Beginne damit, eine wandernde Drosophila-Larve mit einer langen, stumpfen Zange auszusuchen. Waschen Sie die Larve mit hämolymphähnlicher Kochsalzlösung und trocknen Sie sie dann mit einem Tuch ab. Als nächstes wird die Larve dorsal oder ventral auf einer Sezierschale unter dem Stereomikroskop positioniert.
Je nachdem, welches Gewebe beobachtet werden soll, entscheiden Sie sich für eine dorsale oder ventrale Dissektion. Stecken Sie die Maulhaken und den Schwanz der Larve fest, um eine verlängerte Position beizubehalten. Als nächstes fügen Sie einen Tropfen der hämolymphähnlichen Kochsalzlösung hinzu, um zu verhindern, dass die Larve austrocknet.
Machen Sie mit einer Präparierschere einen kleinen Querschnitt in der Nähe des hinteren Endes, ohne ihn vollständig zu durchtrennen. Fahren Sie mit dem Schnitt entlang der ventralen Mittellinie in Richtung des vorderen Endes fort. Stecken Sie nun jeweils vier Insektennadeln in die Ecken der Larve.

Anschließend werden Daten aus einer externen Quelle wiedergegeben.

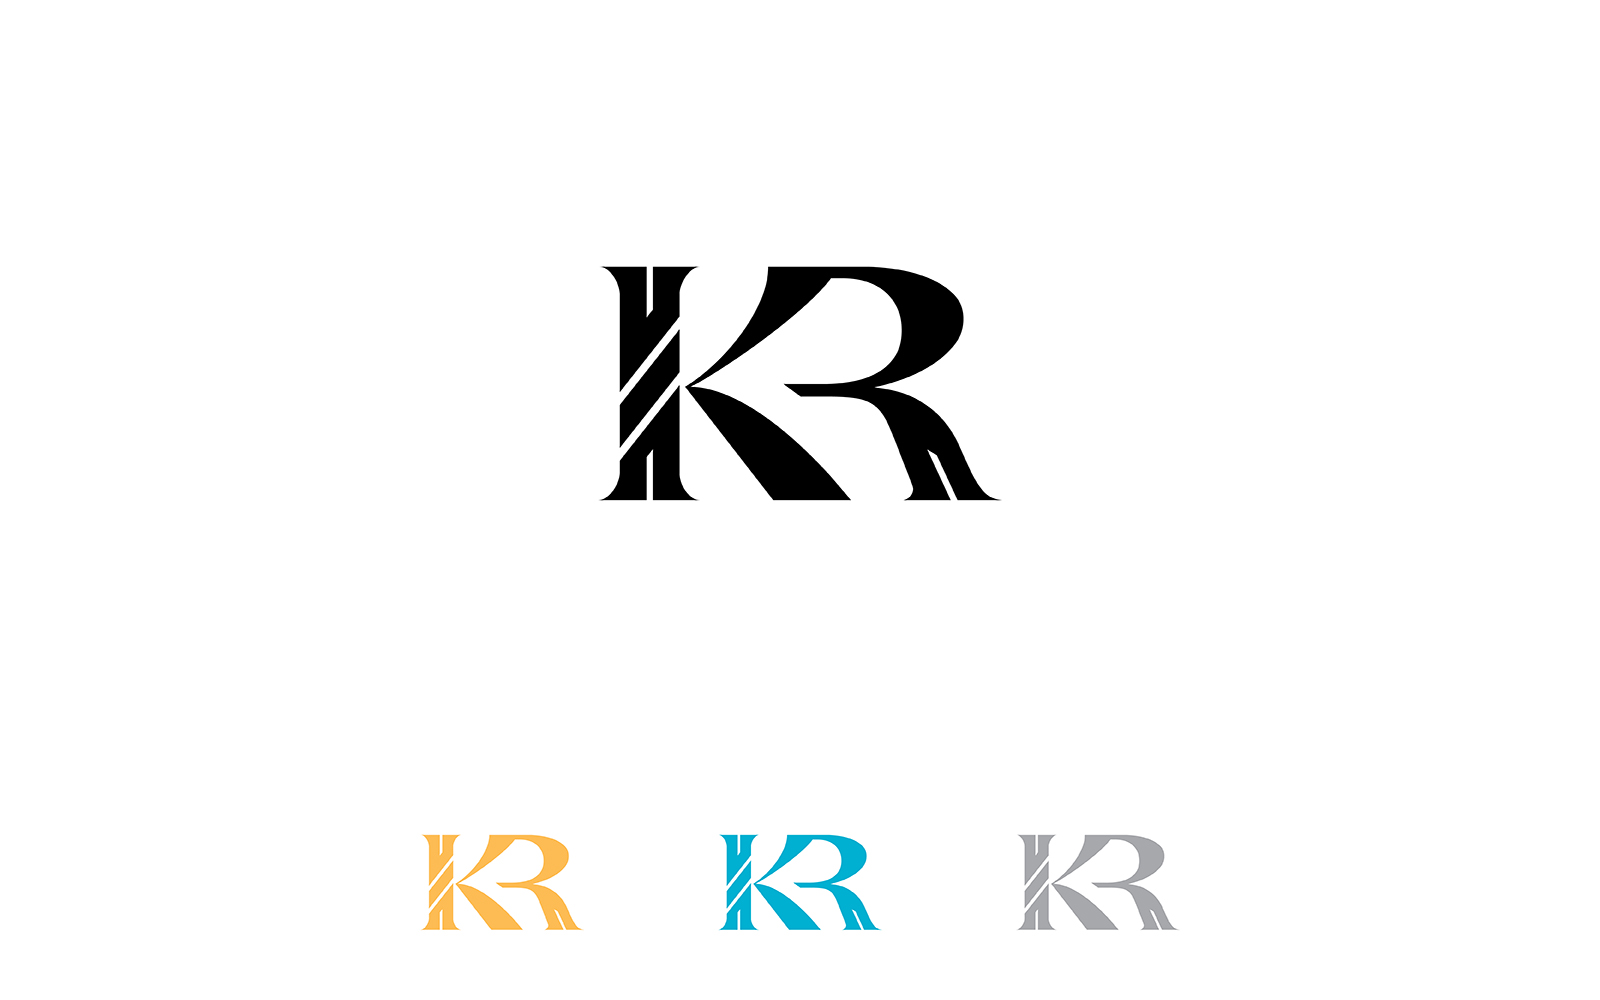 KR Monogram logo Design V6 By Vectorseller | TheHungryJPEG

Nehmen Sie die notwendigen Anpassungen an den Insektenstiften vor, um die Dehnung der Larve zu maximieren. Verwenden Sie eine Pinzette, um die inneren Organe sanft zu entfernen und gleichzeitig Schäden an den Muskeln zu vermeiden. Um die Larve zu fixieren, tauchen Sie die Kadaver in 100 l 4%iges Paraformaldehyd, während sie noch auf der Sezierschale befestigt sind.
Danach demontieren Sie die Stifte. Anschließend wird die Probe in ein 2-ml-Mikrozentrifugenröhrchen überführt, das mit 0,2 % PBST gefüllt ist. Legen Sie das Röhrchen für 10 Minuten bei 15 U/min auf einen Shaker.